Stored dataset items

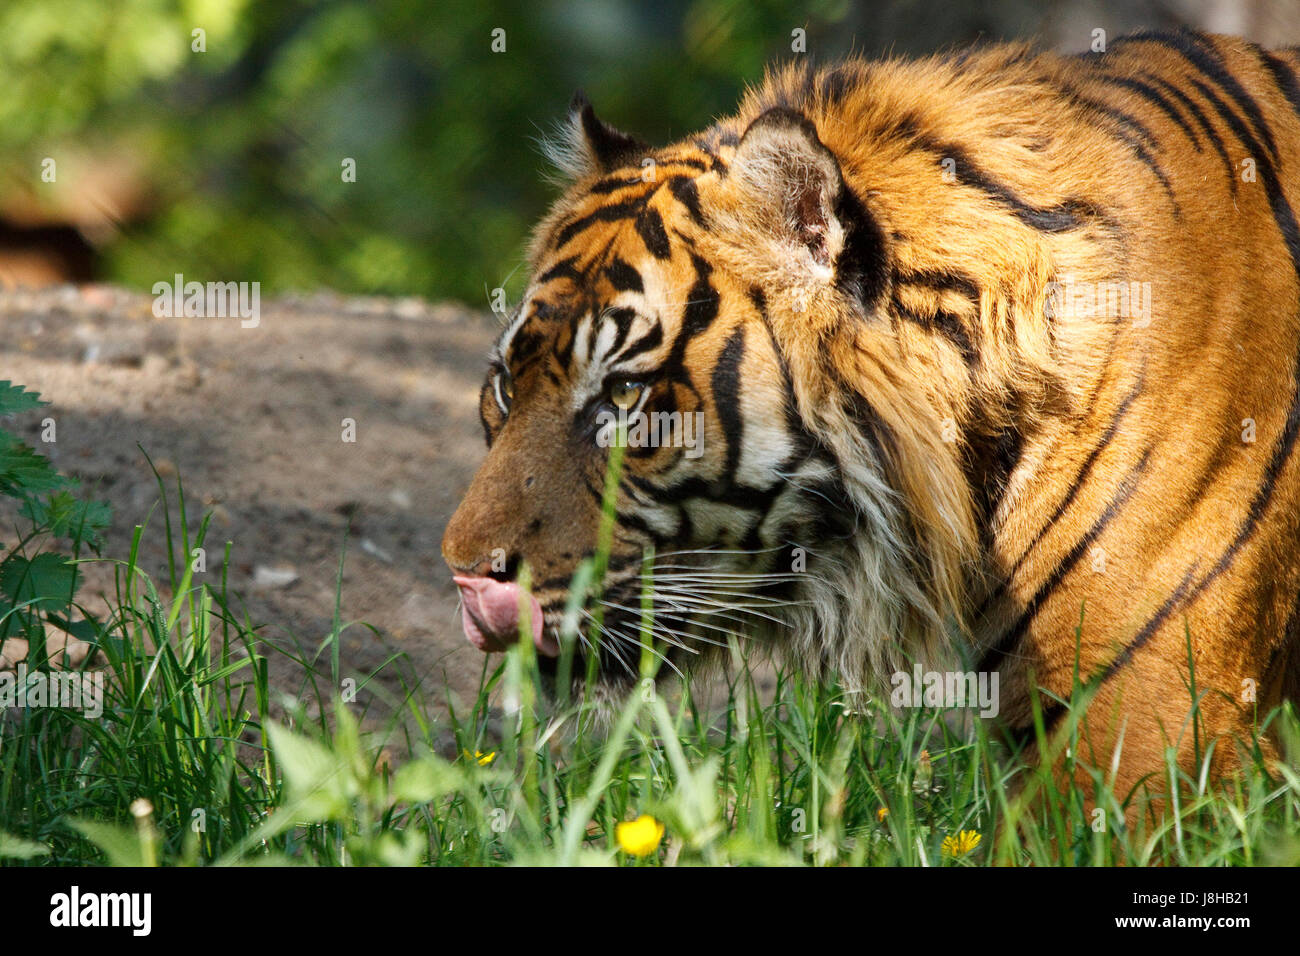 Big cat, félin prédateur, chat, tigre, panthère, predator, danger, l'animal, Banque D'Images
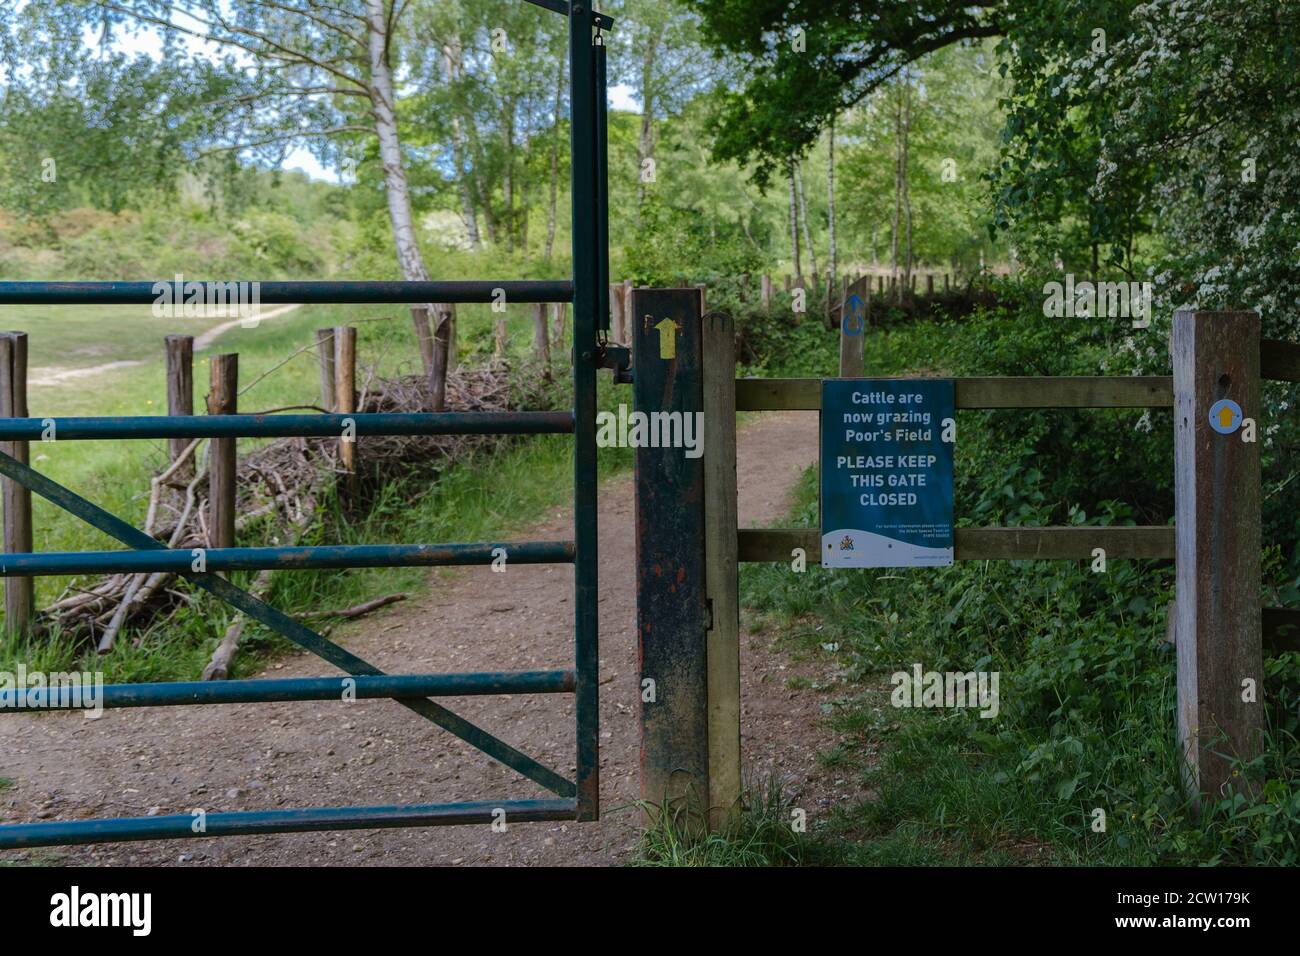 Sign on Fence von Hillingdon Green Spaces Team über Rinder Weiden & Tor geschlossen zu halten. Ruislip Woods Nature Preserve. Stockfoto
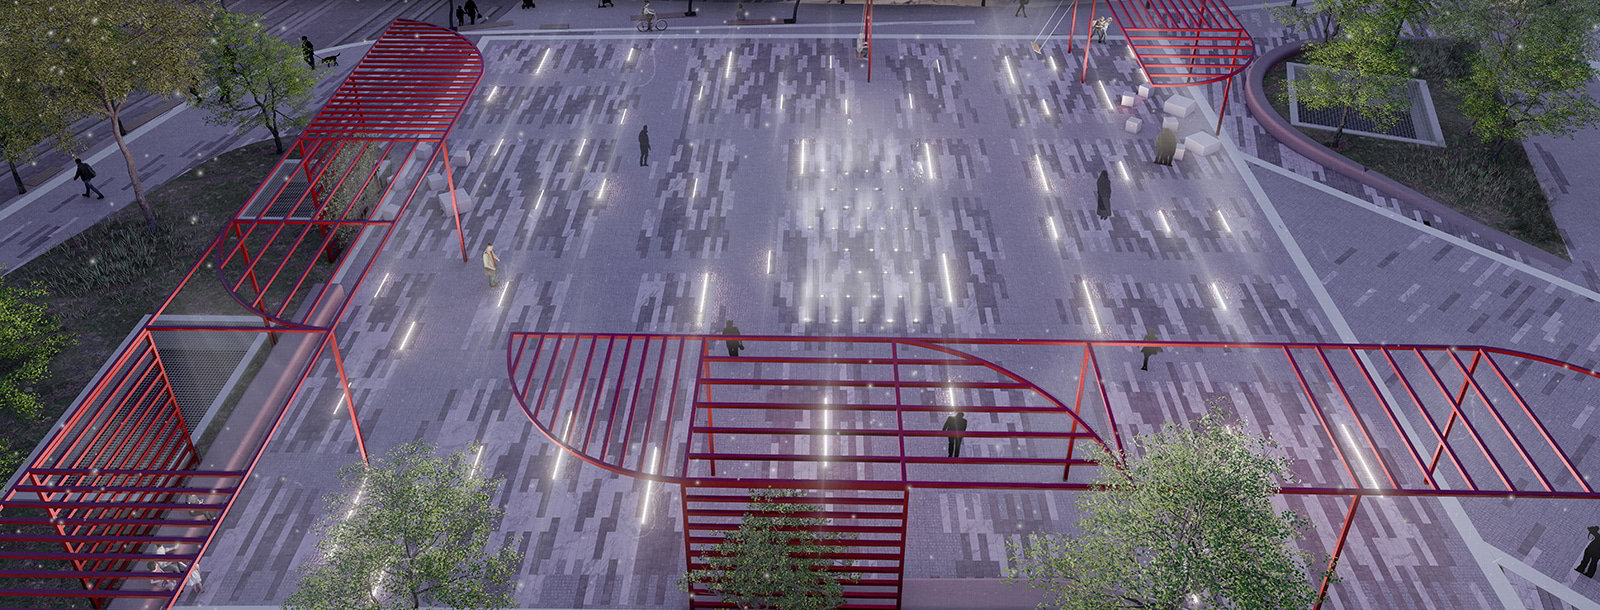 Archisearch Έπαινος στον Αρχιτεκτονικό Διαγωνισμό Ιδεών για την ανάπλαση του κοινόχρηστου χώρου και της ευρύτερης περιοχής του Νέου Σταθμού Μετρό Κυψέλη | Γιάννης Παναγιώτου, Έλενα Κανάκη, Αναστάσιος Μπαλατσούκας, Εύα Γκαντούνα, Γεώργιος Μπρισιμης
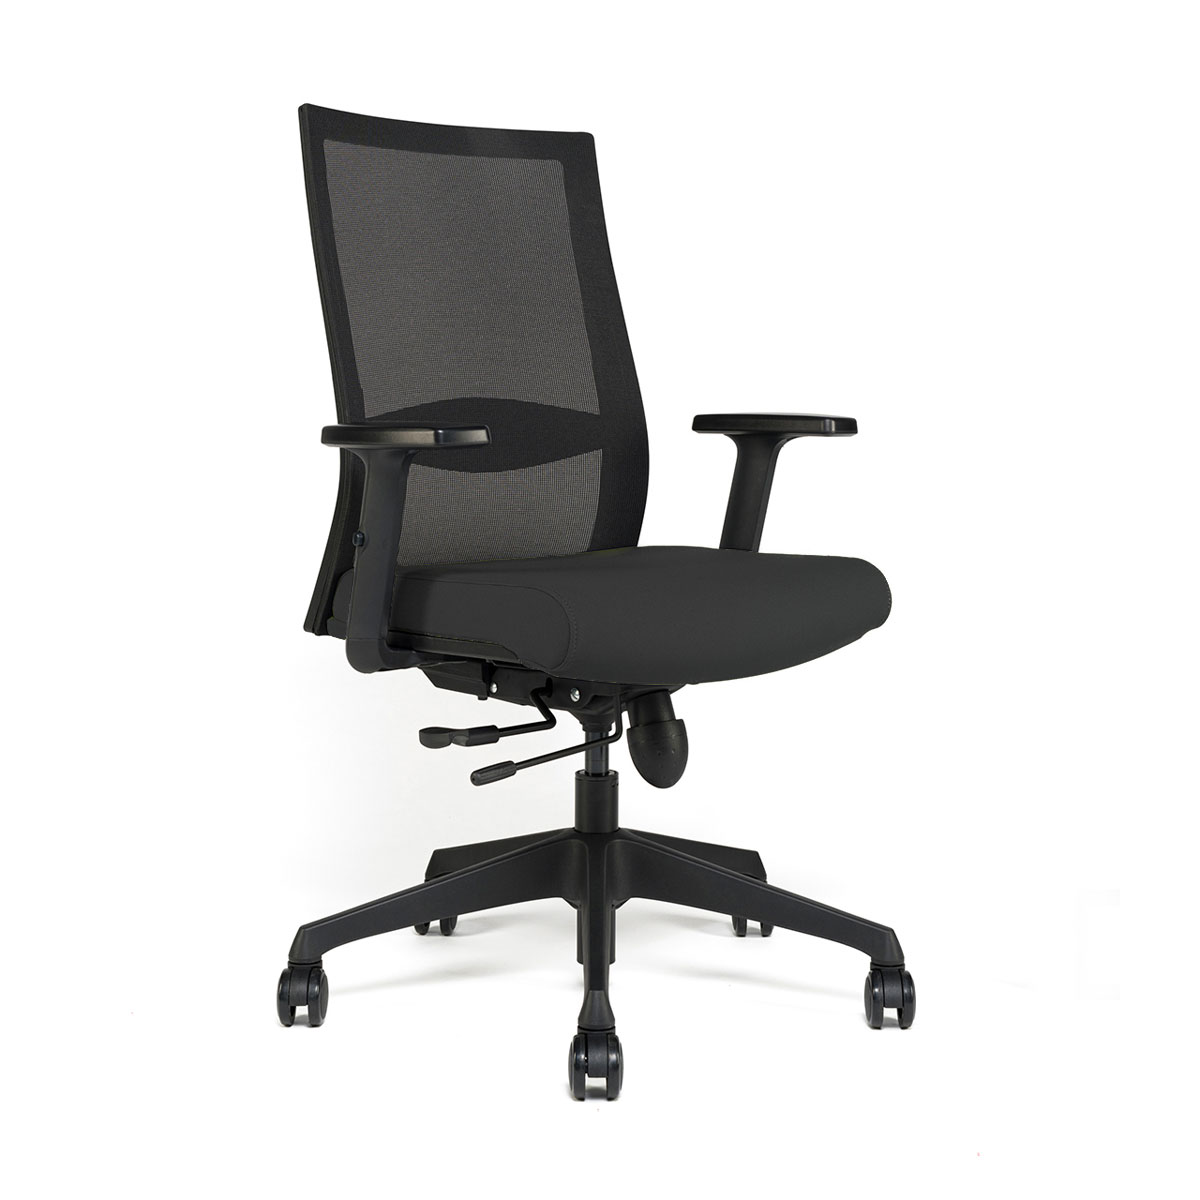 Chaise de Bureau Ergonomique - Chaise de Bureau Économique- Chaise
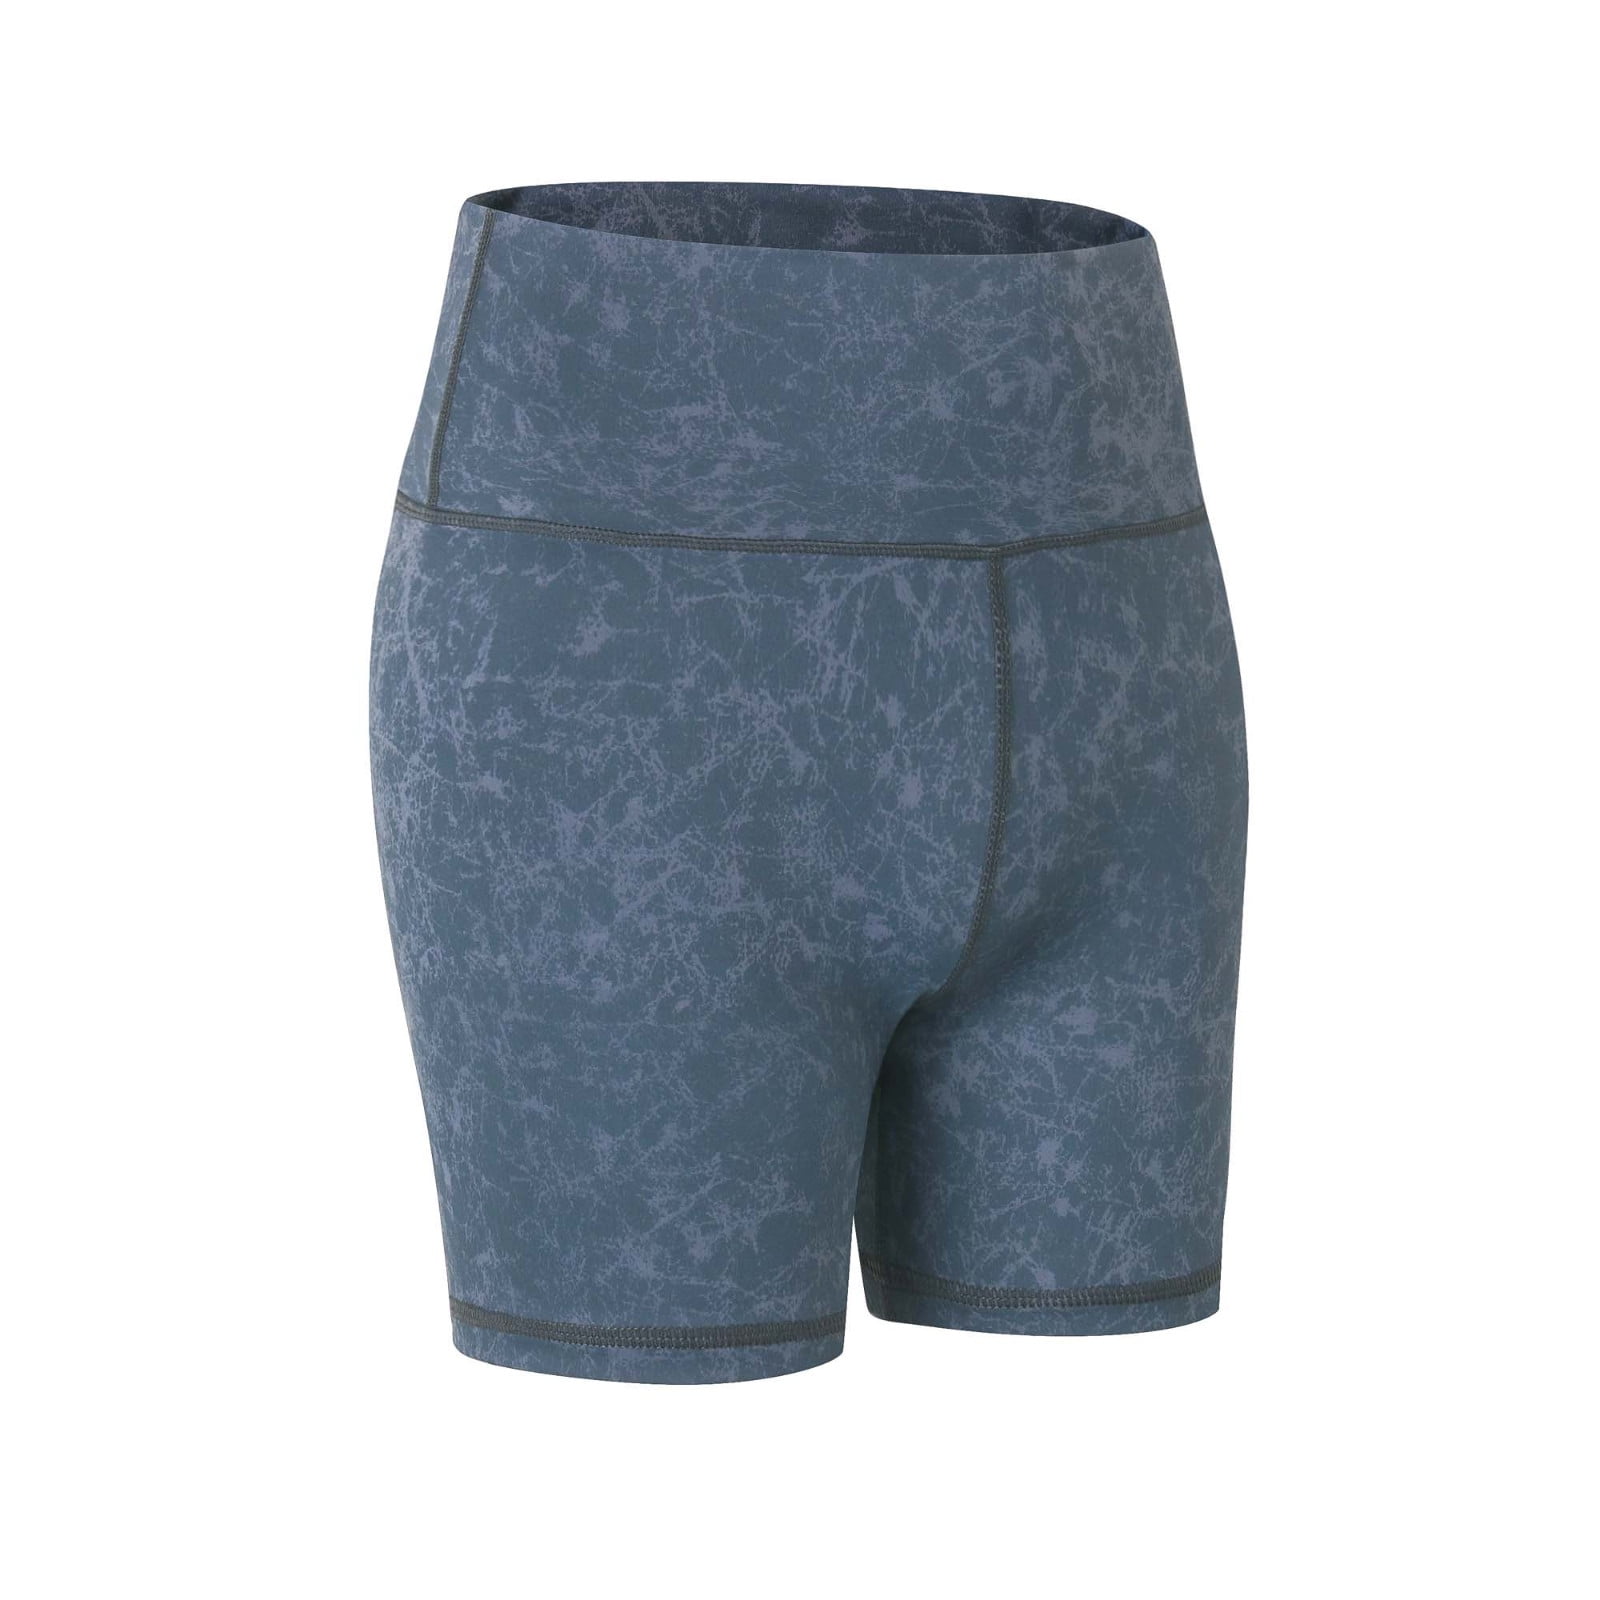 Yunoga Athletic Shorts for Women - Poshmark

_Task_
Above are some entries. Restate word for word the lines from the one holding "Sign on Fence" through the one holding "Chaise de Bureau Ergonomique", but not the pictures.

_Solved exercise_
 Sign on Fence von Hillingdon Green Spaces Team über Rinder Weiden & Tor geschlossen zu halten. Ruislip Woods Nature Preserve. Stockfoto
 Archisearch Έπαινος στον Αρχιτεκτονικό Διαγωνισμό Ιδεών για την ανάπλαση του κοινόχρηστου χώρου και της ευρύτερης περιοχής του Νέου Σταθμού Μετρό Κυψέλη | Γιάννης Παναγιώτου, Έλενα Κανάκη, Αναστάσιος Μπαλατσούκας, Εύα Γκαντούνα, Γεώργιος Μπρισιμης
 Chaise de Bureau Ergonomique - Chaise de Bureau Économique- Chaise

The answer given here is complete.